The Assessment and Qualifications Alliance (AQA) says it has already had positive feedback from schools about its plans for qualifications designed to play to perceived male and female strengths.
AQA’s new key stage 4 qualifications in English, maths and science could be available for teaching as soon as September 2011 with coursework options for girls and more traditional exams aimed at boys.
But one teaching union has warned that it is “extremely dangerous” for the board - which has the largest GCSE and A-level market share - to fall into “old sexist stereotypes”.
The news is the first indication of the huge implications of the Government’s deregulation of the school exams market.
Bill Alexander, AQA’s director of curriculum and assessment, said: “We could offer a route for boys that is very different to a route for girls. Girls tend to perform better with coursework while boys do better with end-of-year exams. So we are pursuing that in science to see if we could have an option in science where we might have a straightforward examination for boys but a possibility of having a coursework option for girls.”
Pundits have predicted that the removal of coursework from nearly all new- style GCSEs this year will end the 20-year trend of girls outperforming boys.
AQA’s idea is also a response to the IGCSEs offered by the other two big exam boards. This month the Government said state schools would be able to start teaching for O level-style IGCSEs in all subjects from September.
Mr Alexander said: “We are looking to do something different where there is a need in the market.
“The current GCSE criteria don’t allow coursework, but if we have now got flexibility and freedom to develop alternative products then that is what we will want to use our expertise to produce.”
His experience as a deputy head and then head in two all-girls secondaries in Berkshire had shown that “girls performed much better in coursework than boys did”, he said.
Mr Alexander said AQA would be “foolish not to” talk to schools and teachers about its proposed new exams in terms of gender differences.
He said the board had begun consulting schools three to fours months ago and they had told AQA to: “Take it forward, pursue it and let’s see the kind of things you would be offering.”
New style GCSEs currently being introduced have seen coursework largely replaced by controlled assessment, which sees pupils complete extended pieces of work under exam conditions.
Coursework was dropped from GCSE maths last year, immediately prompting boys to surge ahead of girls in the subject for the first time in more than a decade.
Mr Alexander said there was no question of AQA attempting to restrict schools over the qualifications they could enter boys and girls for.
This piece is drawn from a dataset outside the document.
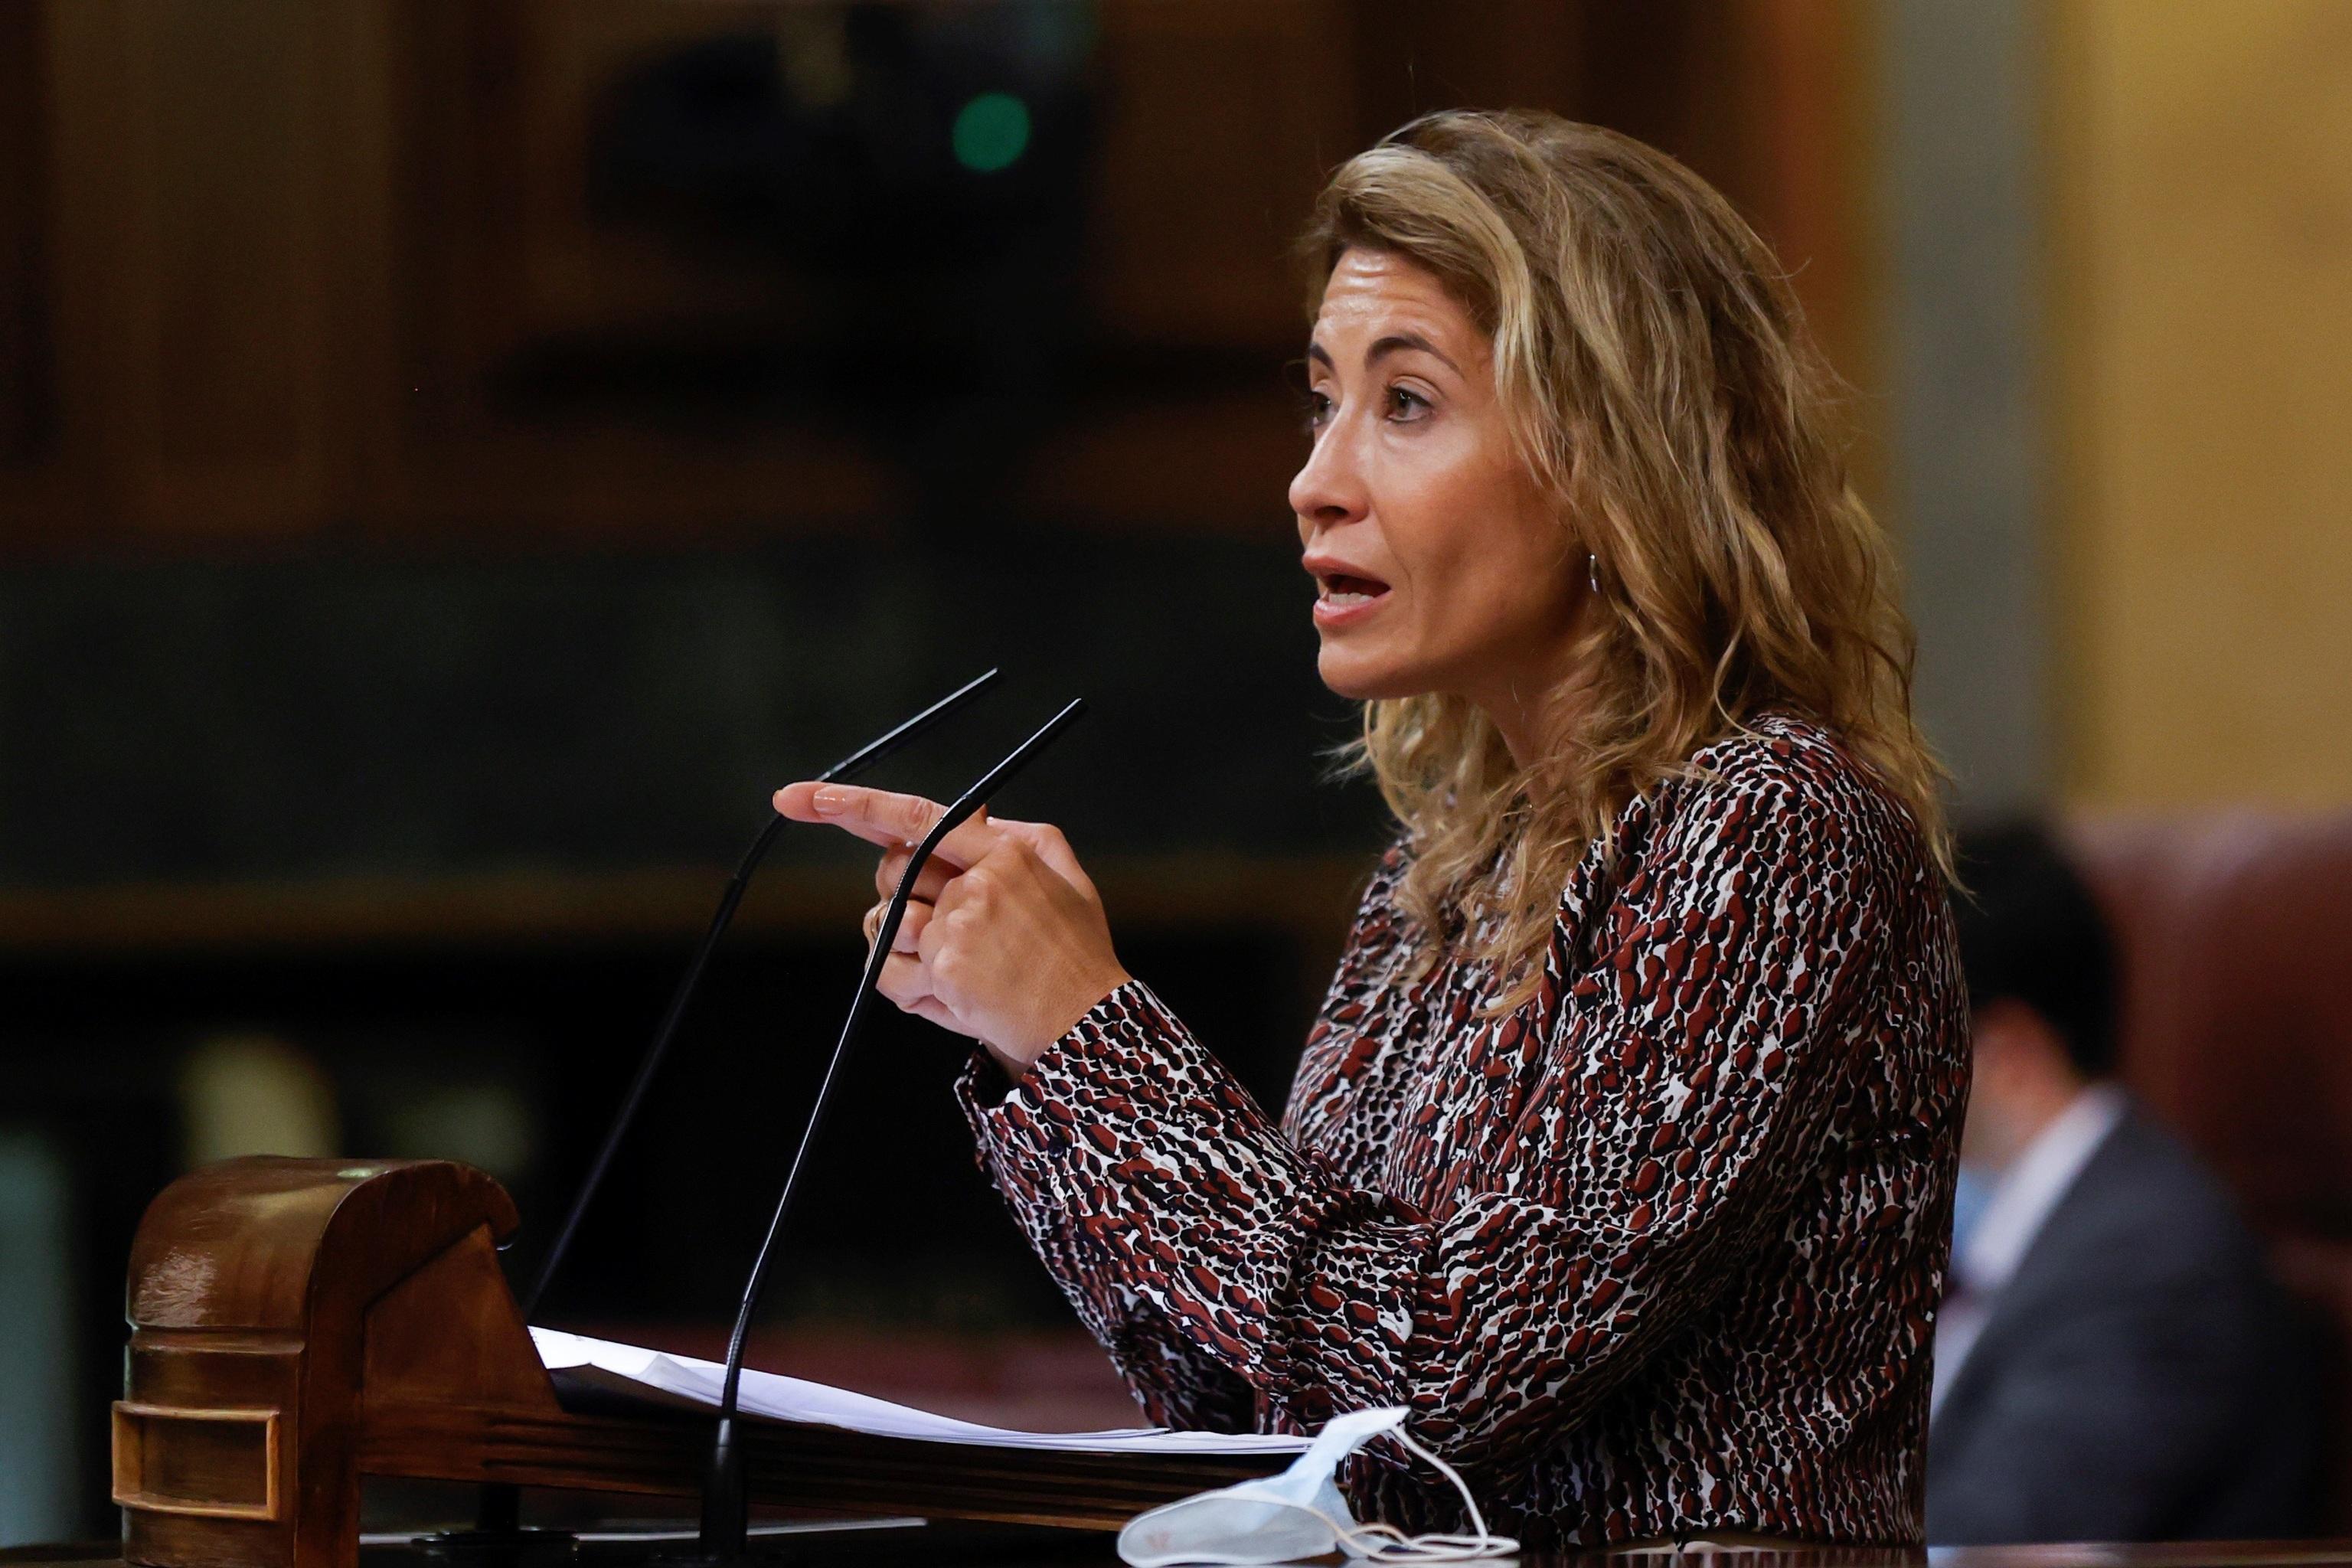 La ministra de Transportes, Raquel Sánchez, en el Congreso.
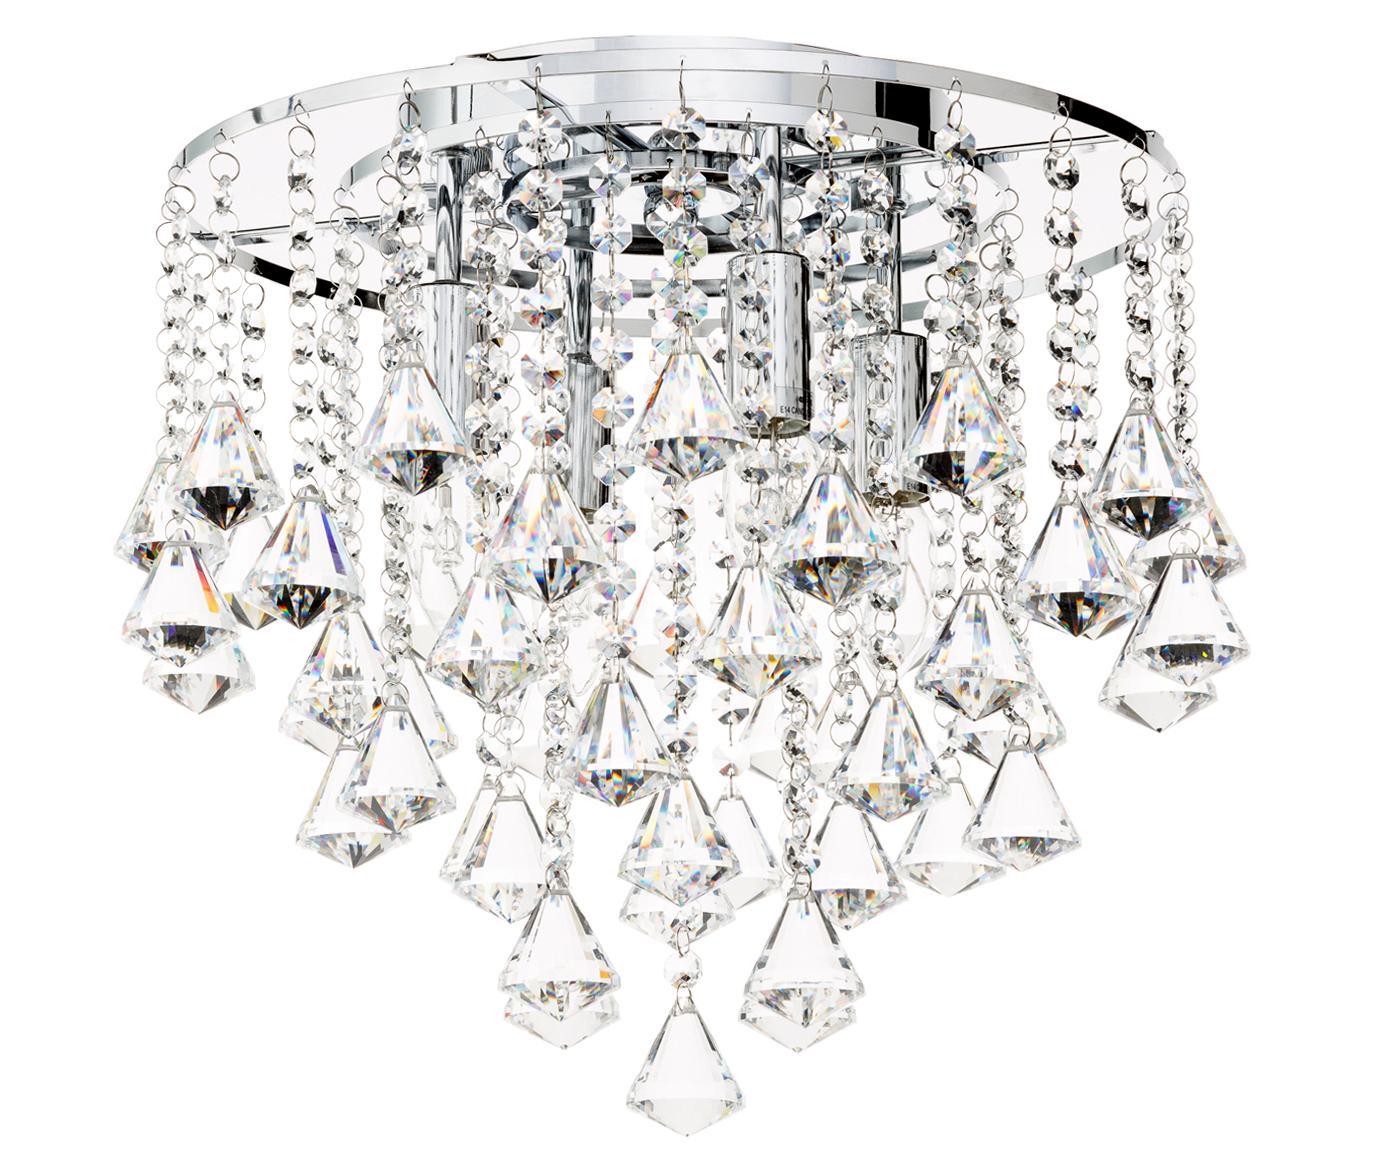 Plafón con crsitales Dorchester, Anclaje: metal cromado, Adornos: vidrio, Transparente, cromo, Ø 50 x Al 50

“The important thing here is choice and the important issue is to leave those decisions to professionals,” he said.
John Bangs, NUT head of education said: “It is extremely dangerous to get into gender stereotyping. There are lots of boys who like the investigative element of coursework as well.
“The exams system is fragmenting with class stereotyping for vocational qualifications and now this. The mind boggles as to where it will go next.”